What this task involves: I would like every record below transcribed exactly as it is.
*** Opening of Data section ***
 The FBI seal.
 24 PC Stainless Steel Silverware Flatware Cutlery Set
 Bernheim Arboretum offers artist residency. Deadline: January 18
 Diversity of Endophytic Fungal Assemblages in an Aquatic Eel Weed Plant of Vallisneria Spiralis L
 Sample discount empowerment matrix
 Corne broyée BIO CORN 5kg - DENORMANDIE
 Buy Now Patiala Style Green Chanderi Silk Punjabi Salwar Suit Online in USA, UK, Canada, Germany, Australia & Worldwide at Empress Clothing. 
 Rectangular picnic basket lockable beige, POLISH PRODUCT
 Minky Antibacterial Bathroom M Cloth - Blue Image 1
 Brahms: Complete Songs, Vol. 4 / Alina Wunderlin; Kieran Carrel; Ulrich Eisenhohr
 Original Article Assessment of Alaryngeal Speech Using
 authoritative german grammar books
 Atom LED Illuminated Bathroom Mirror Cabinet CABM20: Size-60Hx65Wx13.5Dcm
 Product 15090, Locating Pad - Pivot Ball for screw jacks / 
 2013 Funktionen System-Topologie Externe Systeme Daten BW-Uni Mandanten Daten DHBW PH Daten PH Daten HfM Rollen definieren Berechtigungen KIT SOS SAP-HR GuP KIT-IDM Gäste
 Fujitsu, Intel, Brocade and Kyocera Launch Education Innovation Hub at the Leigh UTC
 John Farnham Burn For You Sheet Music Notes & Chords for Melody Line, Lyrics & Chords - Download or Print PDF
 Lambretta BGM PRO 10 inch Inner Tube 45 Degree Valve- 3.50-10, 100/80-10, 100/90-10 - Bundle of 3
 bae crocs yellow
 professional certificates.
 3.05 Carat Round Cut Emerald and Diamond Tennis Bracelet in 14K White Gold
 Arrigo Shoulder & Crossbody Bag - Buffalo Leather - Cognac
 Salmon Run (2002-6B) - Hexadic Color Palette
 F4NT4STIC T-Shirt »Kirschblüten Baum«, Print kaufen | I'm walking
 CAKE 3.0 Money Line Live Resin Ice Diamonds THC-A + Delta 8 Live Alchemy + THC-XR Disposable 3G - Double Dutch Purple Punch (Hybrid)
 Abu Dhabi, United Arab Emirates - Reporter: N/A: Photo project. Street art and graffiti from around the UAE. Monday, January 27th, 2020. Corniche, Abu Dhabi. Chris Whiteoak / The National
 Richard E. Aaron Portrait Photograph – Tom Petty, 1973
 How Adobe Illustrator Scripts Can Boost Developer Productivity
*** Close of Data section ***
Response below:
 The FBI seal.
 24 PC Stainless Steel Silverware Flatware Cutlery Set
 Bernheim Arboretum offers artist residency. Deadline: January 18
 Diversity of Endophytic Fungal Assemblages in an Aquatic Eel Weed Plant of Vallisneria Spiralis L
 Sample discount empowerment matrix
 Corne broyée BIO CORN 5kg - DENORMANDIE
 Buy Now Patiala Style Green Chanderi Silk Punjabi Salwar Suit Online in USA, UK, Canada, Germany, Australia & Worldwide at Empress Clothing. 
 Rectangular picnic basket lockable beige, POLISH PRODUCT
 Minky Antibacterial Bathroom M Cloth - Blue Image 1
 Brahms: Complete Songs, Vol. 4 / Alina Wunderlin; Kieran Carrel; Ulrich Eisenhohr
 Original Article Assessment of Alaryngeal Speech Using
 authoritative german grammar books
 Atom LED Illuminated Bathroom Mirror Cabinet CABM20: Size-60Hx65Wx13.5Dcm
 Product 15090, Locating Pad - Pivot Ball for screw jacks / 
 2013 Funktionen System-Topologie Externe Systeme Daten BW-Uni Mandanten Daten DHBW PH Daten PH Daten HfM Rollen definieren Berechtigungen KIT SOS SAP-HR GuP KIT-IDM Gäste
 Fujitsu, Intel, Brocade and Kyocera Launch Education Innovation Hub at the Leigh UTC
 John Farnham Burn For You Sheet Music Notes & Chords for Melody Line, Lyrics & Chords - Download or Print PDF
 Lambretta BGM PRO 10 inch Inner Tube 45 Degree Valve- 3.50-10, 100/80-10, 100/90-10 - Bundle of 3
 bae crocs yellow
 professional certificates.
 3.05 Carat Round Cut Emerald and Diamond Tennis Bracelet in 14K White Gold
 Arrigo Shoulder & Crossbody Bag - Buffalo Leather - Cognac
 Salmon Run (2002-6B) - Hexadic Color Palette
 F4NT4STIC T-Shirt »Kirschblüten Baum«, Print kaufen | I'm walking
 CAKE 3.0 Money Line Live Resin Ice Diamonds THC-A + Delta 8 Live Alchemy + THC-XR Disposable 3G - Double Dutch Purple Punch (Hybrid)
 Abu Dhabi, United Arab Emirates - Reporter: N/A: Photo project. Street art and graffiti from around the UAE. Monday, January 27th, 2020. Corniche, Abu Dhabi. Chris Whiteoak / The National
 Richard E. Aaron Portrait Photograph – Tom Petty, 1973
 How Adobe Illustrator Scripts Can Boost Developer Productivity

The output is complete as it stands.